Exercise
Reproduce only what runs from the line containing "homer simpson,homer,the simpson,mural,mural" to the line containing "Domestic transport services" in the records below, inclusive. Keep it exact, and keep the pictures out.

Data supplied
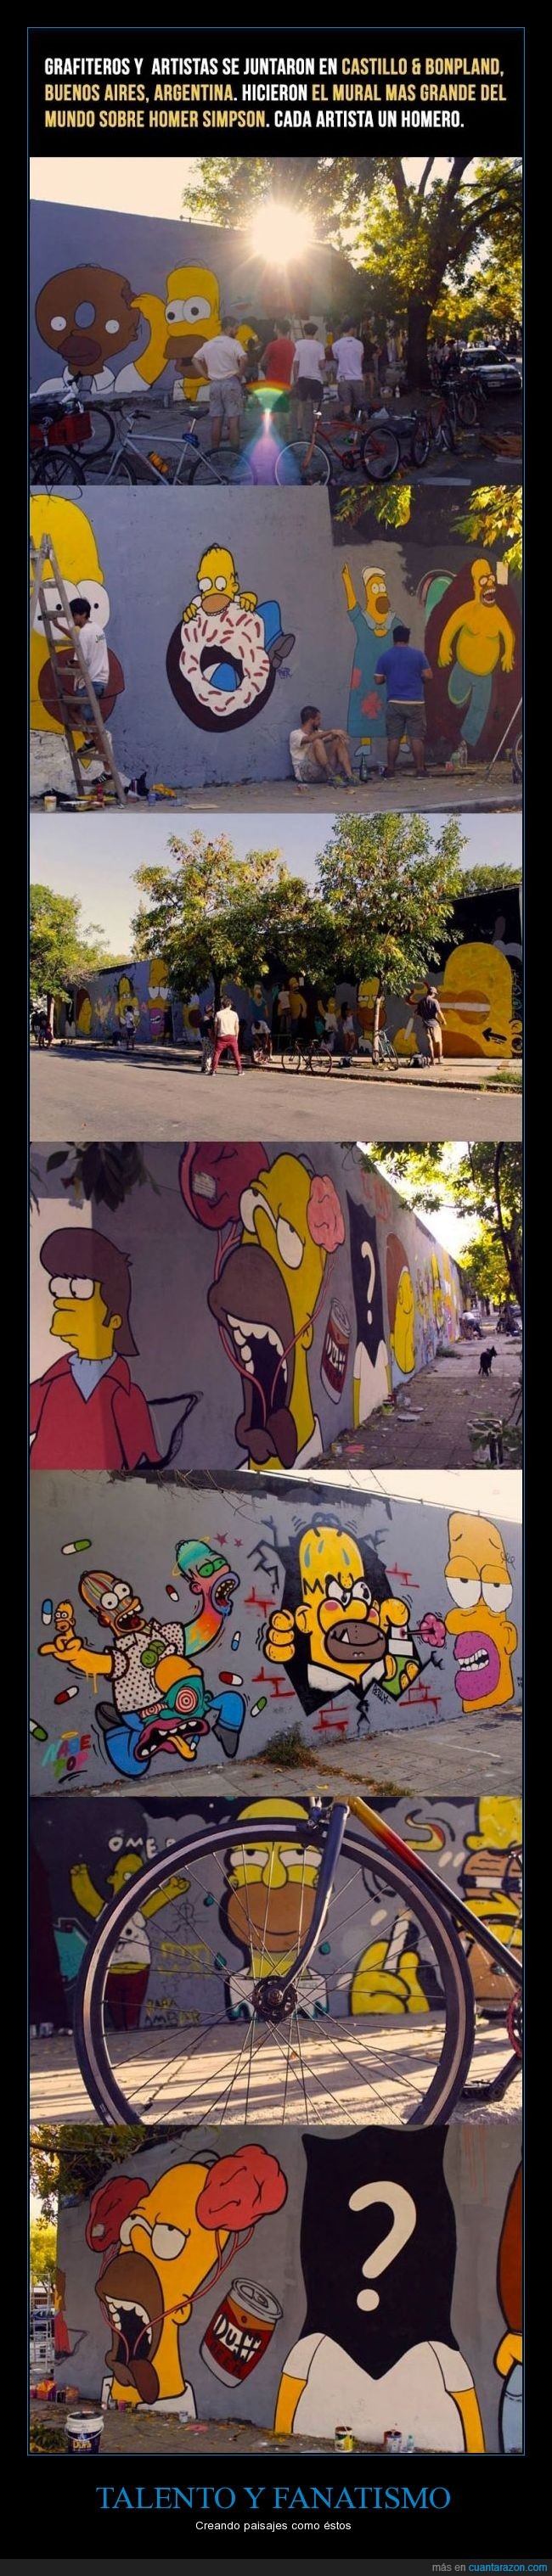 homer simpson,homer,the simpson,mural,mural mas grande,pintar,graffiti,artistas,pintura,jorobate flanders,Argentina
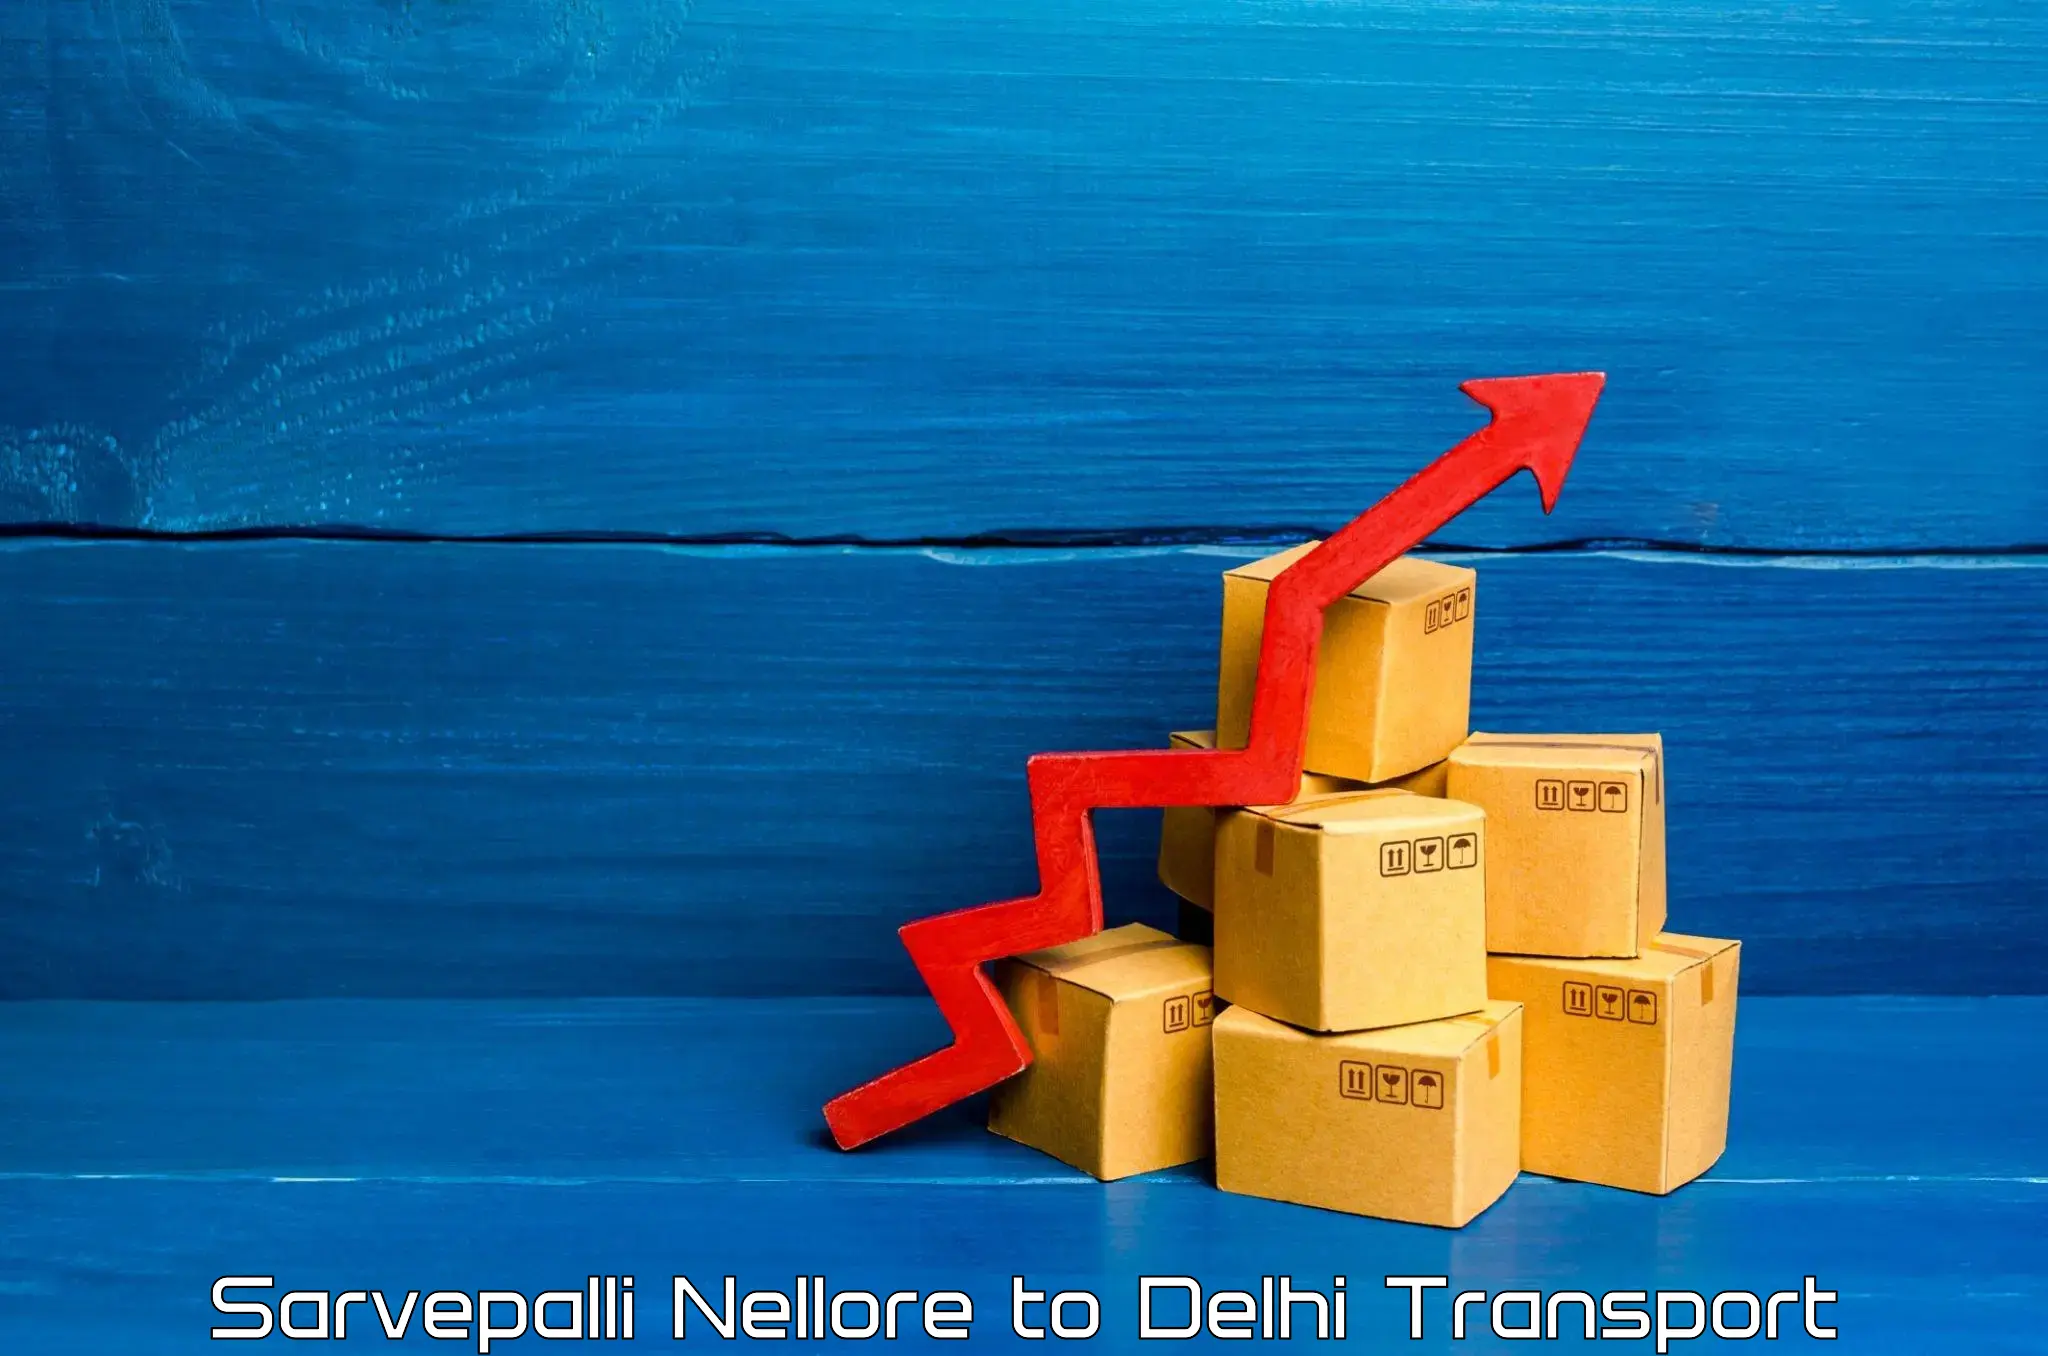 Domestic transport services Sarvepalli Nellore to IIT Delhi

==

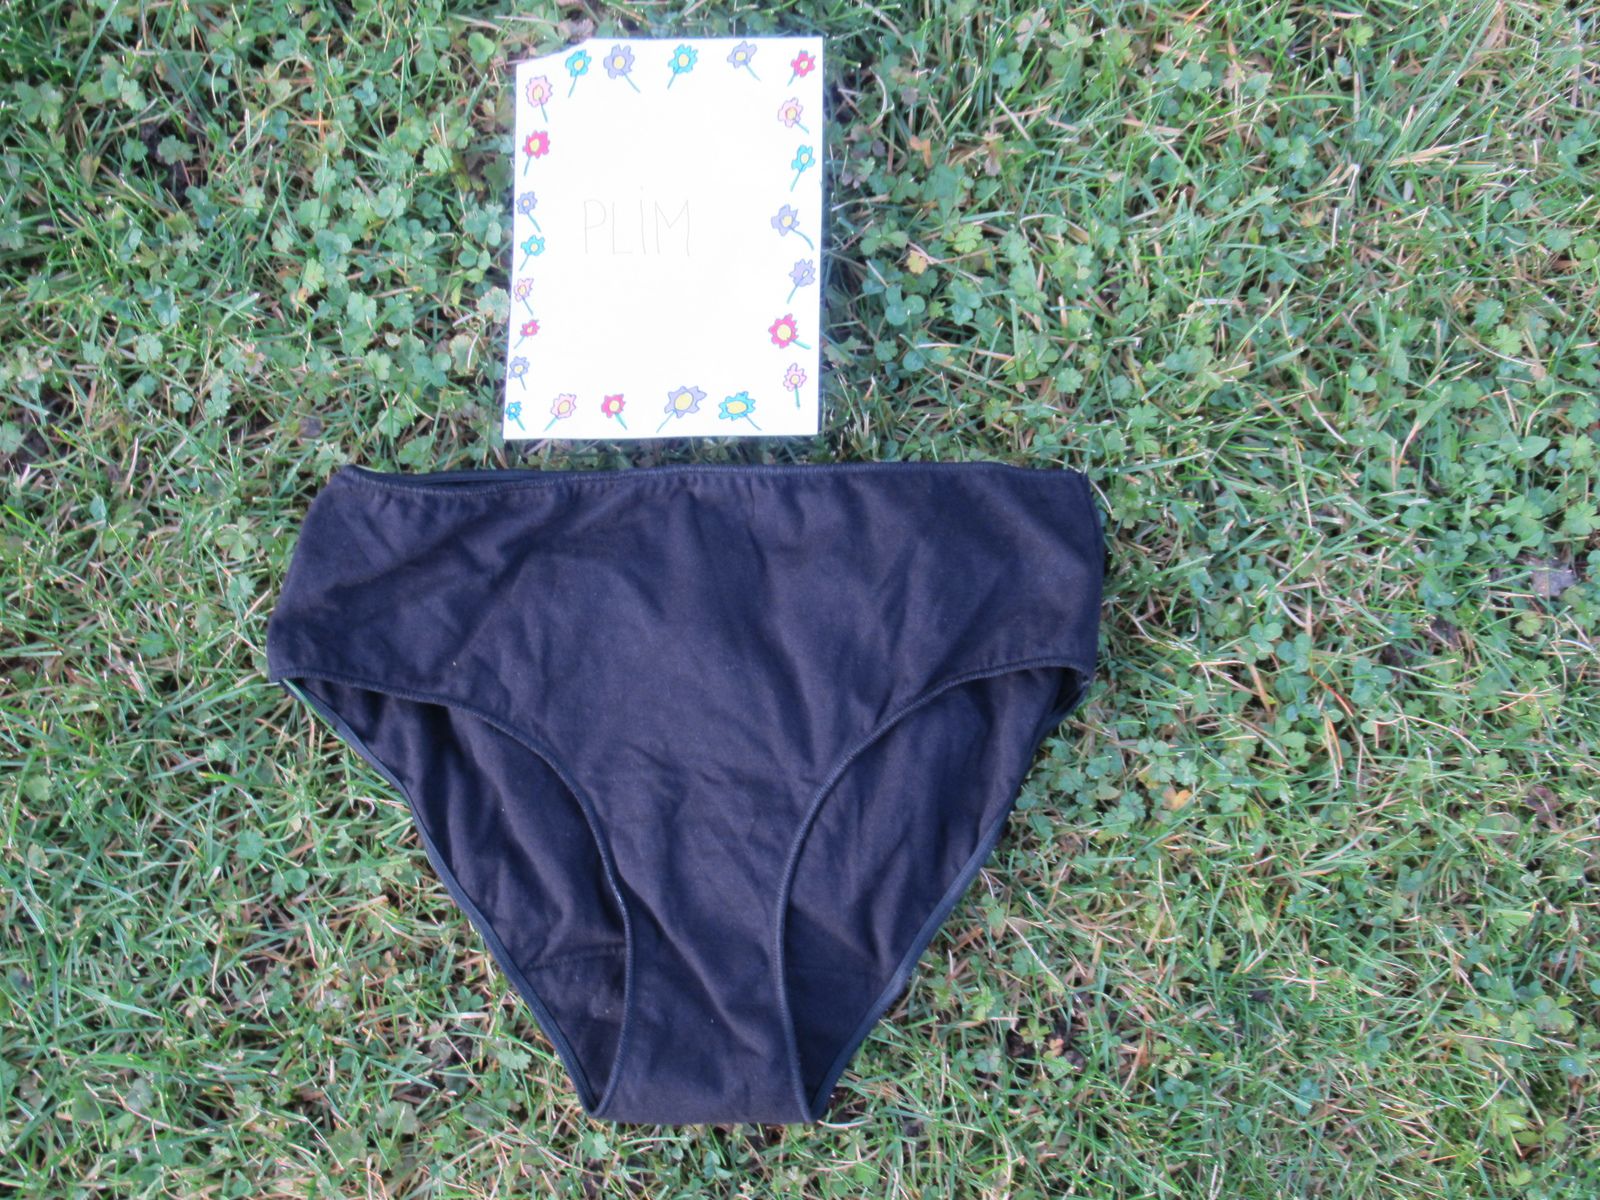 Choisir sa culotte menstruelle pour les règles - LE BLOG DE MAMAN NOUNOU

==

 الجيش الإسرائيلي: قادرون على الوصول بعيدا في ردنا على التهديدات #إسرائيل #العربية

Answer for this exercise
 homer simpson,homer,the simpson,mural,mural mas grande,pintar,graffiti,artistas,pintura,jorobate flanders,Argentina
 Domestic transport services Sarvepalli Nellore to IIT Delhi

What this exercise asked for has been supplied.